• **Listed records**:
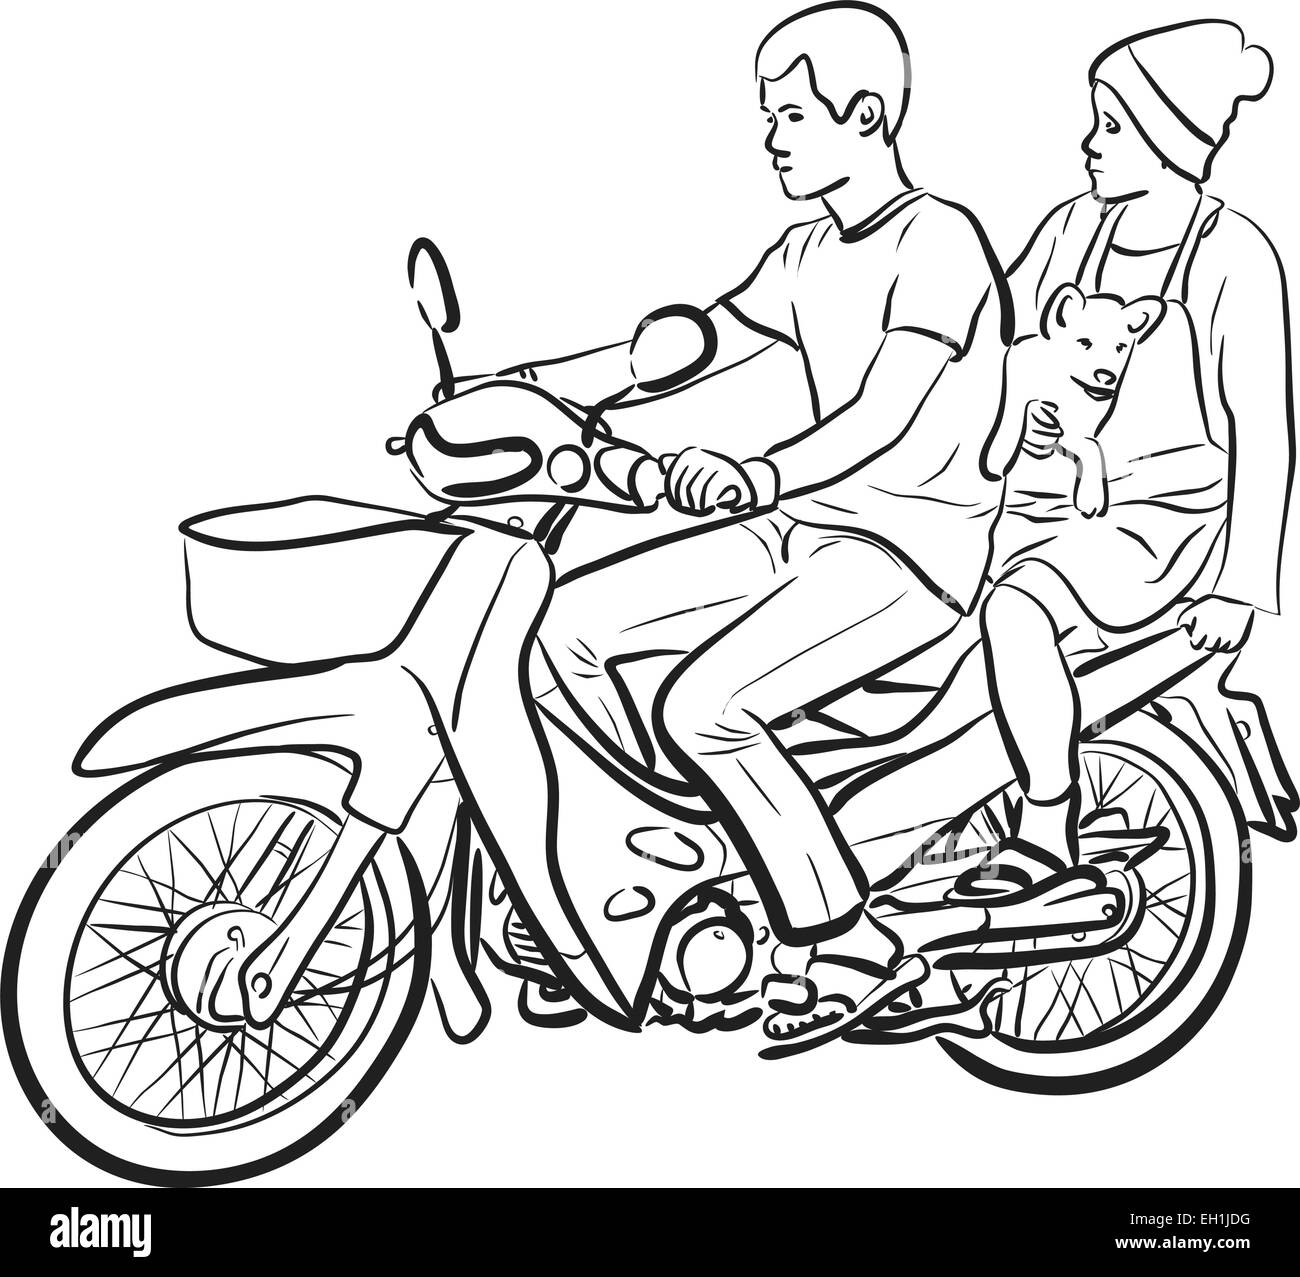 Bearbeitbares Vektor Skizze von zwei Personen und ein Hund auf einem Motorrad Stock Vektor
---
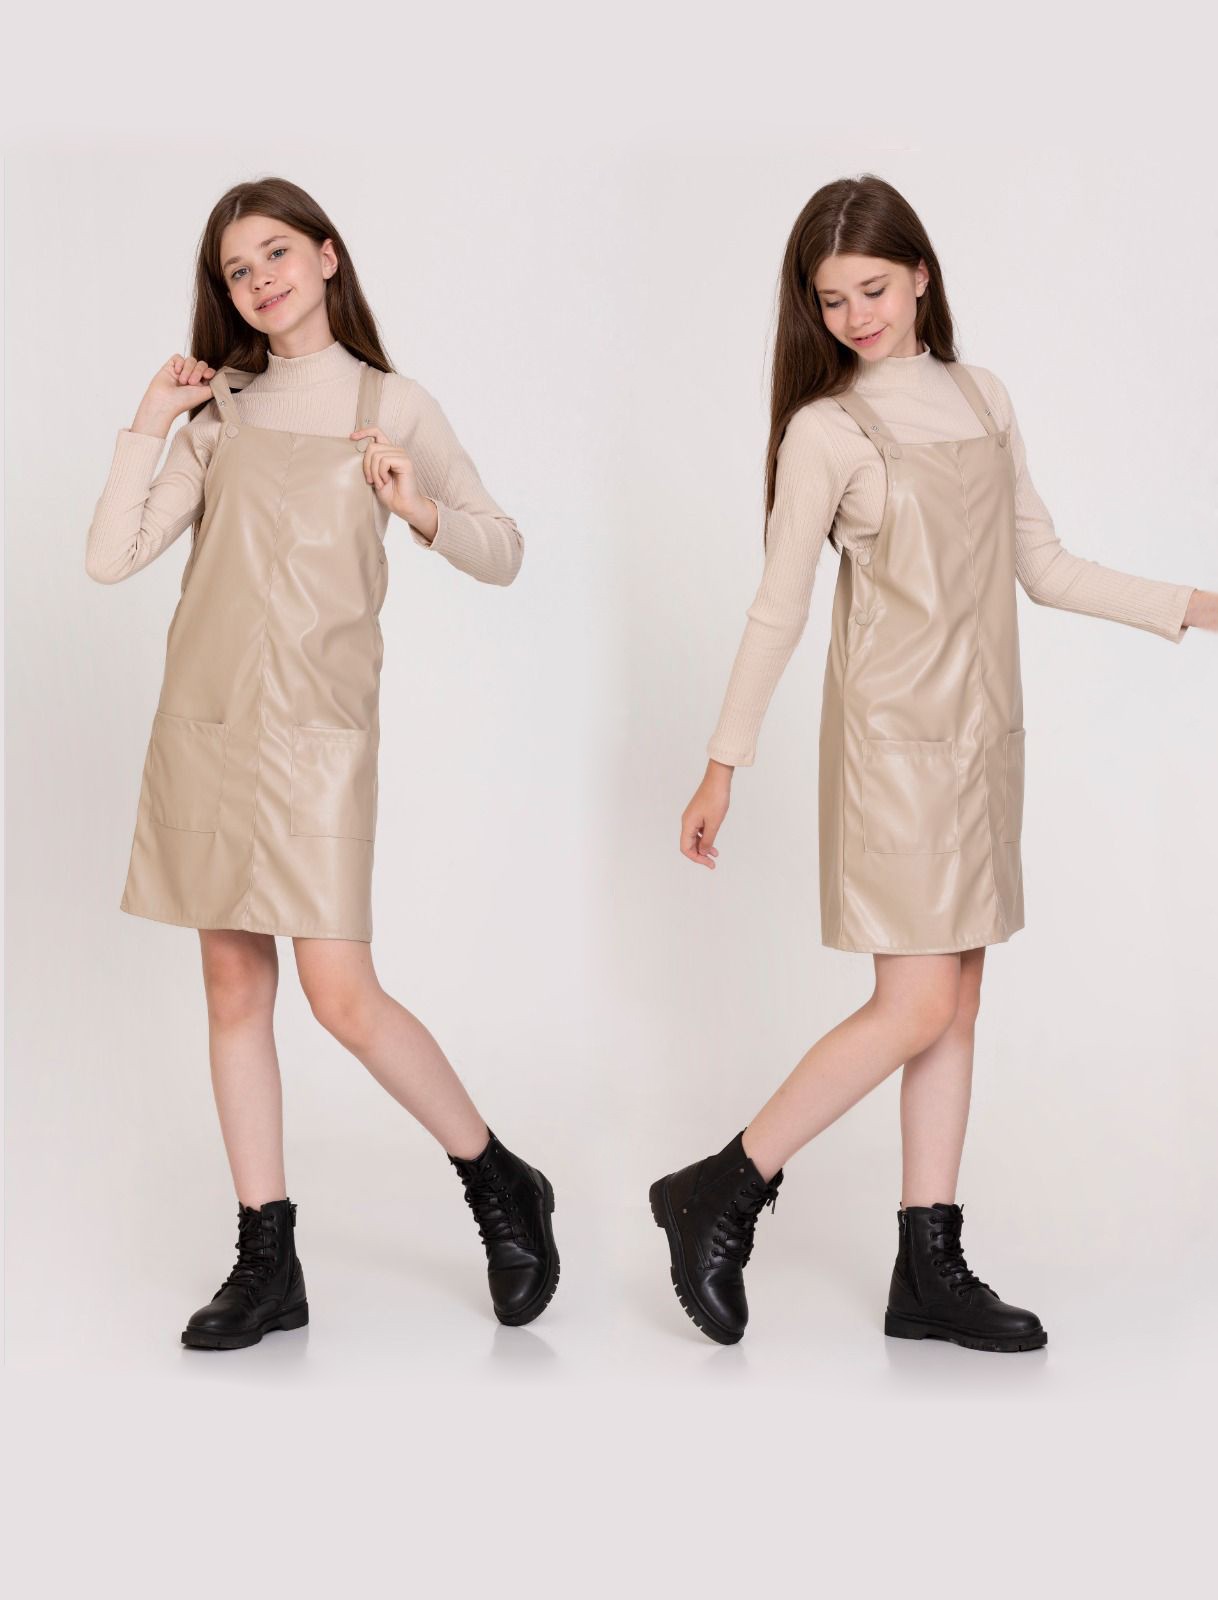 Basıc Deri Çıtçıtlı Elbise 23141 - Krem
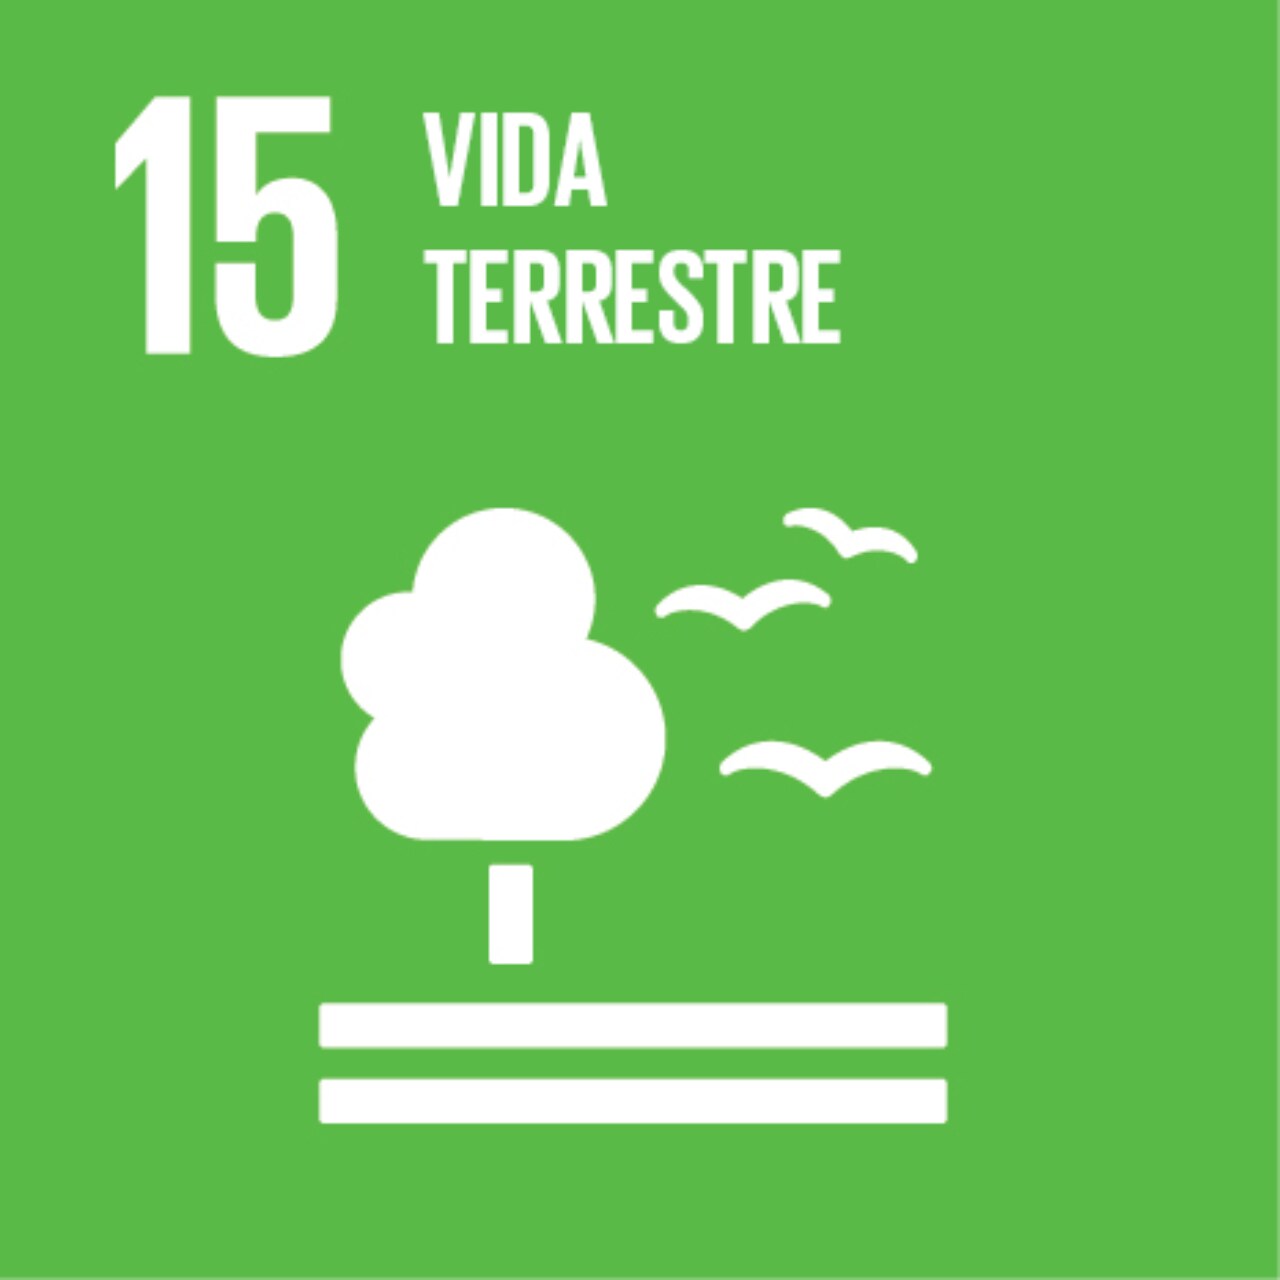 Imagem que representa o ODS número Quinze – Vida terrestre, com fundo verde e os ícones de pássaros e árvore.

• **The task**: The copy should hold exactly the lines above from the one with "Basıc Deri Çıtçıtlı Elbise 23141 - Krem" through the one with "Imagem que representa", both ends counted, and no pictures at all.

• **Result for this task**:
 Basıc Deri Çıtçıtlı Elbise 23141 - Krem
 Imagem que representa o ODS número Quinze – Vida terrestre, com fundo verde e os ícones de pássaros e árvore.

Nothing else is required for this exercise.